When the summertime sizzle switches from surfboards to drawing boards, it’s time once again for Comic-Con. The event, billed as “the largest comic book and popular arts convention in the world,” lures a crowd of more than 125,000 to the Convention Center.
As legions of tourists dressed as Darth Vader transform Downtown into the pop culture center of the universe for a few days each July, it’s easy to overlook the fact that San Diego has a thriving comic book industry the other 51 weeks of the year, too.
Artist Jim Lee, for instance, who’s famous for his work on The Avengers and The Uncanny X-Men, is co-publisher of DC Comics (the company that gave the world Batman and Superman) and does most of his work at his office in La Jolla.
Meanwhile, IDW Publishing in Bay Park is one of the top five comics publishers in the world and is acclaimed for its work on popular movies and TV shows including Transformers, Star Trek and “CSI.”
In addition, America’s Finest is home to some of America’s finest comic artists, three of whom are drawn together here.
A native of Atlanta, Joe Phillips came to San Diego 16 years ago. He describes his first Con as “four magical days” where he could “indulge in the sheer joy of looking at art and toys and not worry about anything.”
Phillips has drawn mainstream superheroes including The Incredible Hulk, X-Men and The Silver Surfer, but also creates fine art renditions that bring out the
gay subtext of familiar characters.
“Think about it,” he says. “A guy develops the ability to do something incredible, and the first thing he does is to wear something tight-fitting and colorful and tell the world, ‘I’m going to fight crime?’”
Phillips’ approach to comics is to treat them as a means of escape. “We’re not trying to change anyone’s views, just being thought-provoking and entertaining.”
Billy Martinez’s credits range from the publication Heavy Metal to The SyFy Channel’s “The Chronicle” and “Family Guy” trading cards, but his main focus is on creating original titles like “Wildflower,” an acclaimed series which recently celebrated its 15th anniversary; and “Kickass Girl,” which, like the artist himself, is based in San Diego.

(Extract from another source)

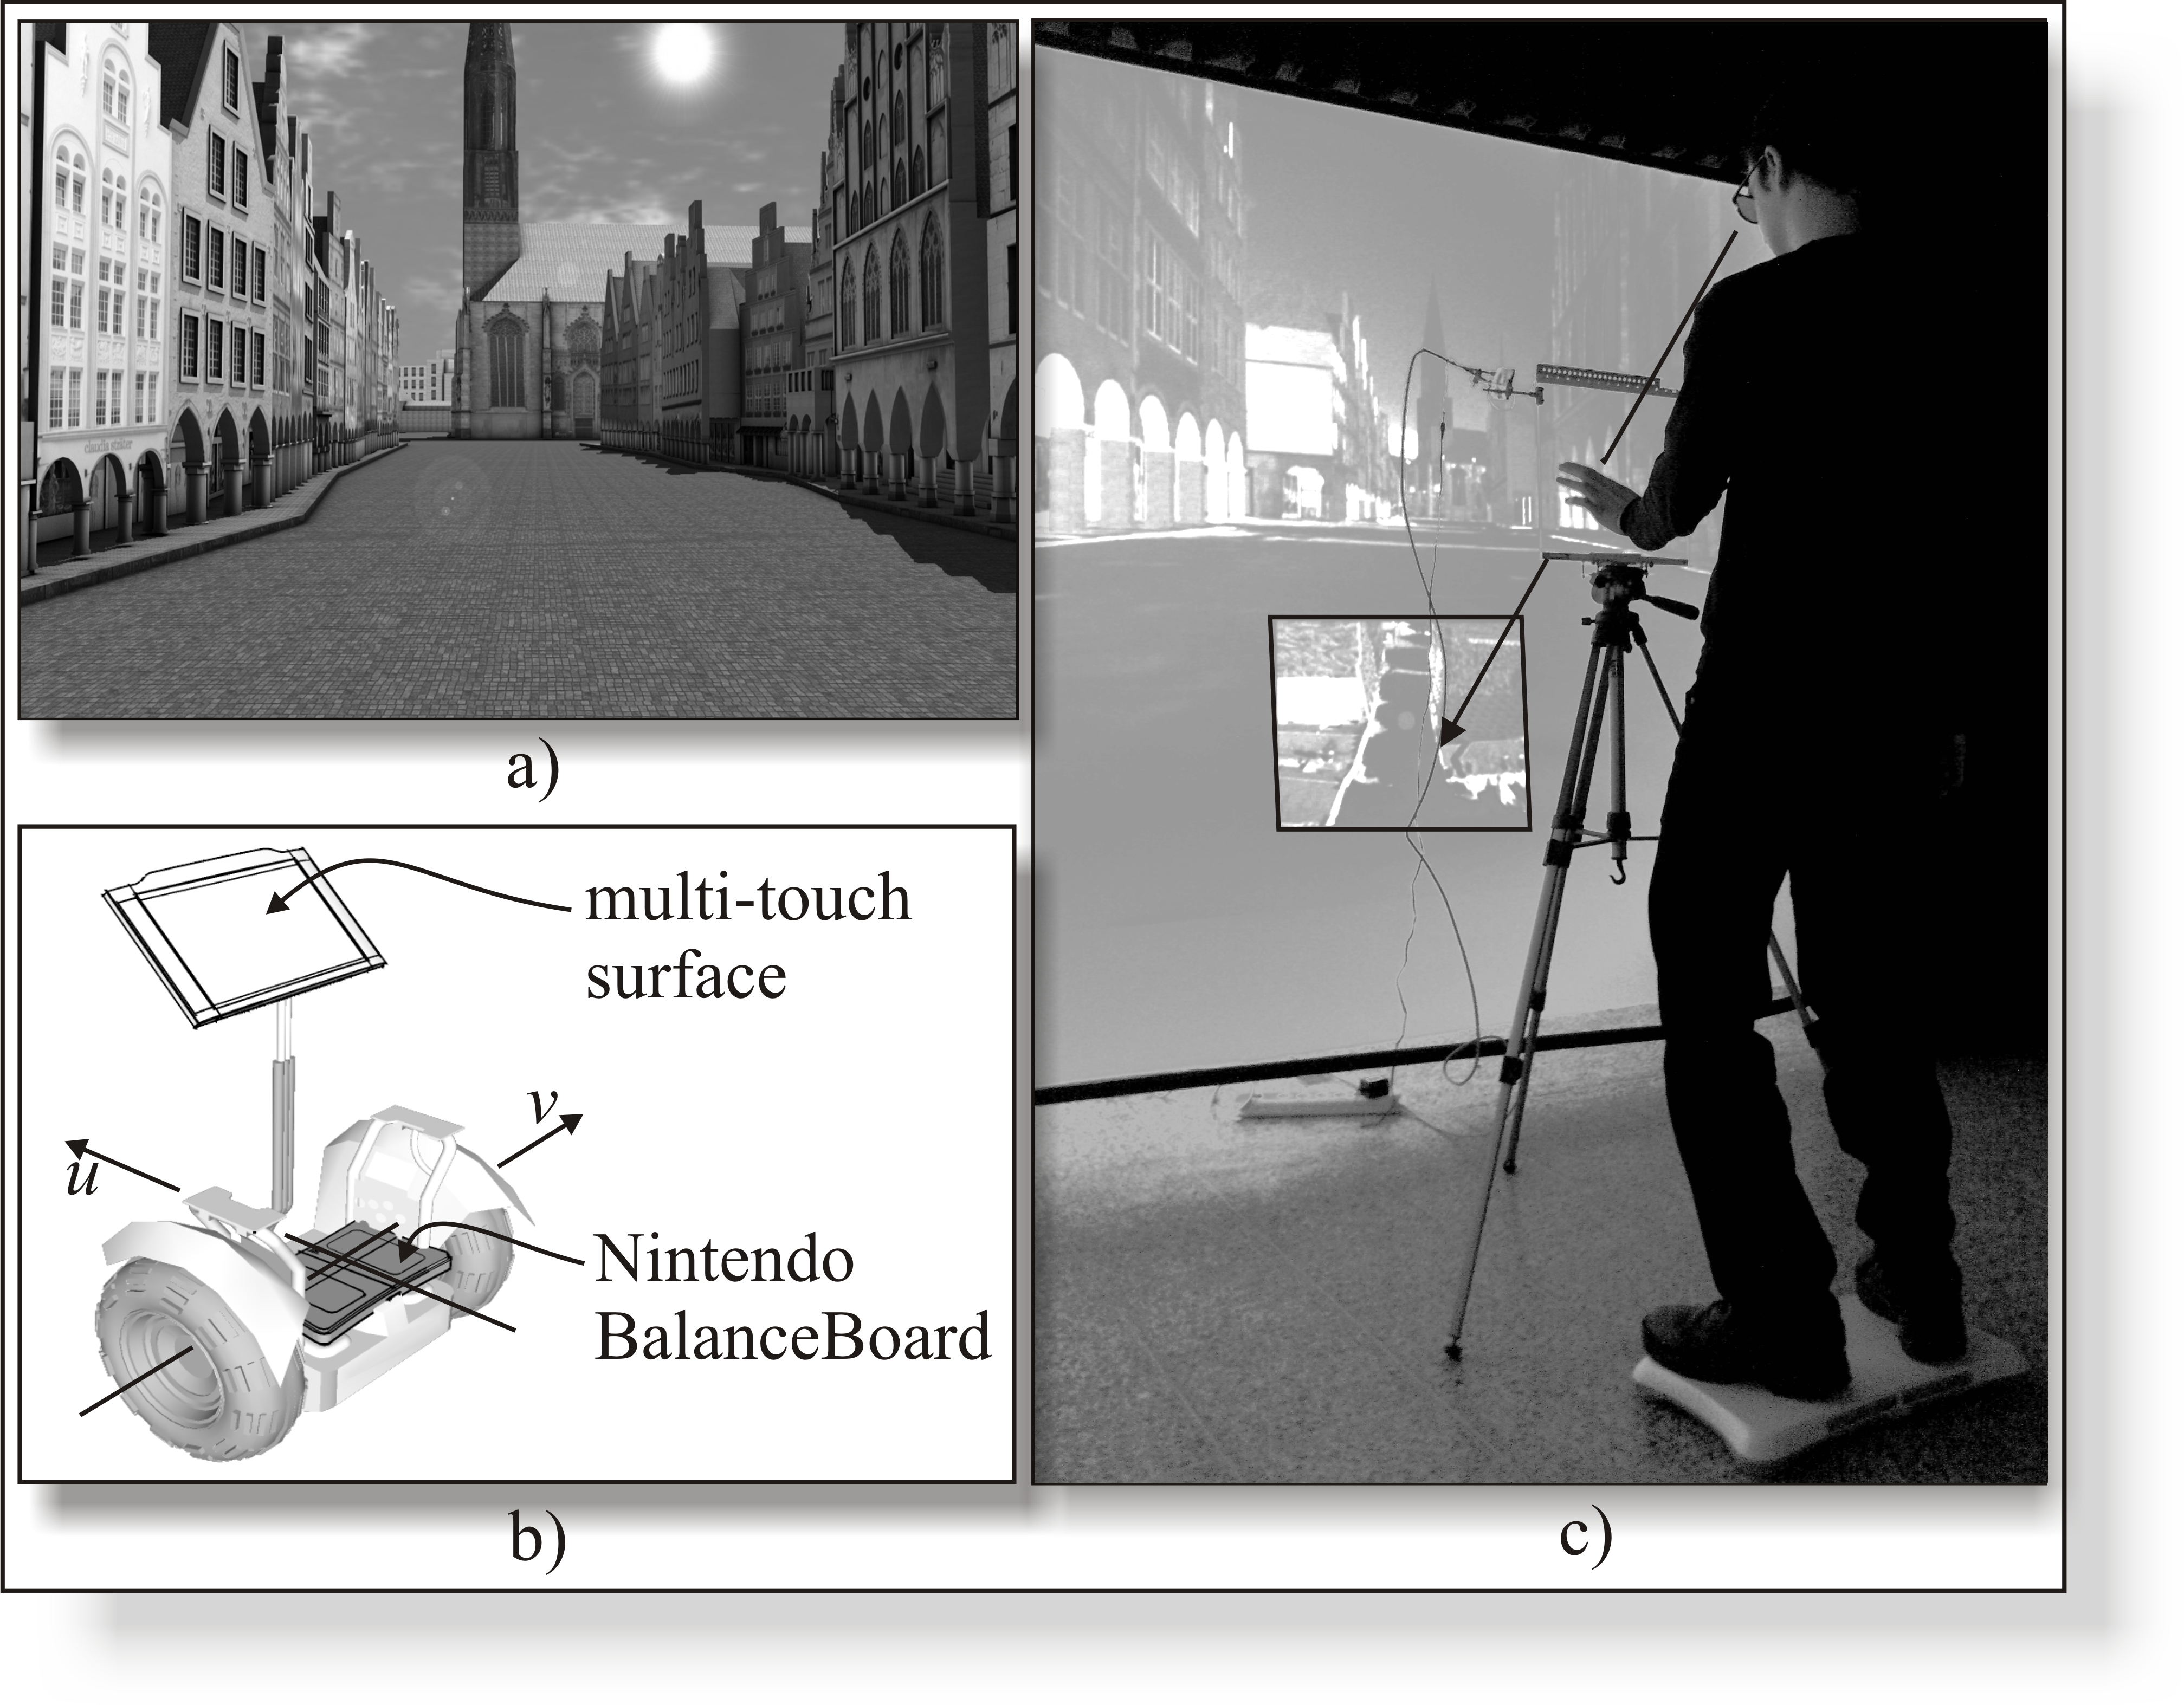 Navigation through Geospatial Environments with a Multi-Touch enabled Human-Transporter Metaphor

“I’d like people to know that comic art is a lot of hard work, and that people do still draw them, not computers,” says Martinez, who holds comic art classes at his La Mesa studio, Neko Press.
Although he’ll be promoting his new book, In Your Face (which teaches how to paint and draw facial expressions), at the Con, Martinez doesn’t seem thrilled with the direction the event has taken over the past 15 years.
“Now, it is less about comics and more about movies, toys and pop culture,” he says. “I’d like to see it become more about comics again, but I don’t see that happening anytime soon.”
Livio Ramondelli spends much of his time working on the Transformers comic for Bay Park-based IDW Publishing-and admits his five years in San Diego have transformed him.
“San Diego is terrific because of the sheer diversity of the various neighborhoods,” he says. “North Park looks completely different from La Jolla, which looks different than the Gaslamp. It can be inspiring to just drive around and study the various architecture as it changes along the way.”
Being a comic artist is a solitary job, so Ramondelli tries to get out of the house to hang out with fellow artists at comic coffee klatches at Rebecca’s in South Park. And he digs going to the Con.
“That week is certainly the biggest professional week out of the year,” he says. “More eyes are on your work than any other time, and it’s a great way to promote what you’re doing. Also, it brings other professional friends to San Diego that I don’t get to see as often.”
Also playing at Comic-Con
Worst Cartoons Ever
Animation historian Jerry Beck hosts 90 minutes of the worst cartoons ever made, including “Super President,” a 1960s series about a superhero who is also the president.
Klingon Community Theater
San Diego is home to one of the largest Klingon populations in the U.S. Each year, the local community, or “Stranglehold,” performs an original play featuring authentic-looking costumes, spirited amateurish acting and references only a geek could appreciate.
WHAT: San Diego Comic-Con International
WHEN: July 12-15 (Preview Night July 11)
WHERE: San Diego Convention Center,
111 W. Harbor Dr., Downtown
HOW MUCH: Sold out for months, Dude!